Gordon Gekko is the main antagonist of the 1987 film Wall Street and the main deuteragonist of its 2010 sequel Wall Street: Money Never Sleeps.

He is shown as one of the United States' most talented businessmen, and is most famous for his speech, "Greed is Good".

He was portrayed by Michael Douglas, who also played William Foster in Falling Down, Steven R Hardin in The Star Chamber, Detective Nick Curran in Basic Instinct, Steven Taylor in A Perfect Murder and Yellowjacket in What If...?.

History[]

Early life[]

Gordon Gekko was born in Long Island into a middle-class family. He began working in real estate as an adult, and began building his fortune by selling an apartment complex for $800,000. He branched out into stock and bond trading, and eventually specialized in corporate takeovers of underperforming businesses, which he would restructure and sell for large profits. He worked his way up to become one of the most powerful, influential businessmen in the country.

Top of the Game[]

Michael douglas will be gordon gekko again in the sequel for wall street movie main 10567

Gordon directing his company personally.

By 1985, Gekko has become a legend in the business world, a major Wall Street player respected and feared for his savvy and ruthlessness. He is also suspected by law enforcement of violating multiple financial regulations, but no one can prove it.

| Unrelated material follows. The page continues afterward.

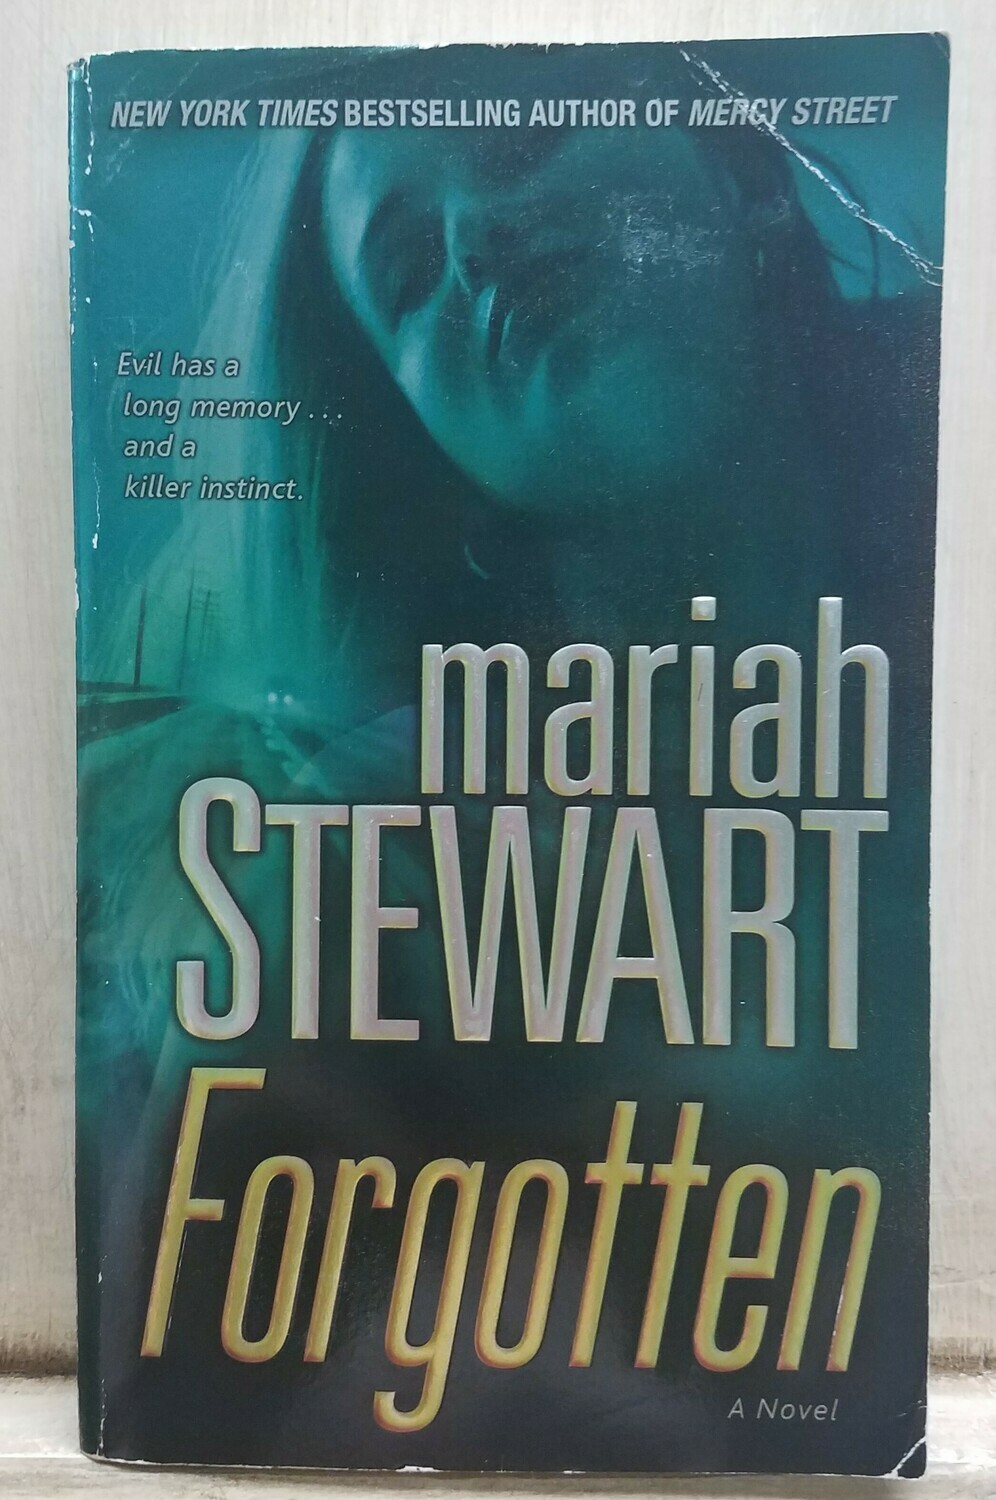 Forgotten by Mariah Stewart

Bud Fox, an ambitious junior stockbroker at Jackson Steinem & Co. who idolizes Gekko, visits him on his birthday and, granted a brief interview, pitches him stocks, but Gekko is unimpressed. Realizing that Gekko may not do business with him, Fox provides him some inside information about Bluestar Airlines, his father Carl's company, which Bud learned in a casual conversation from his father. Gekko tells him he will think about it. Gekko places an order for Bluestar stock, becoming one of Fox's clients.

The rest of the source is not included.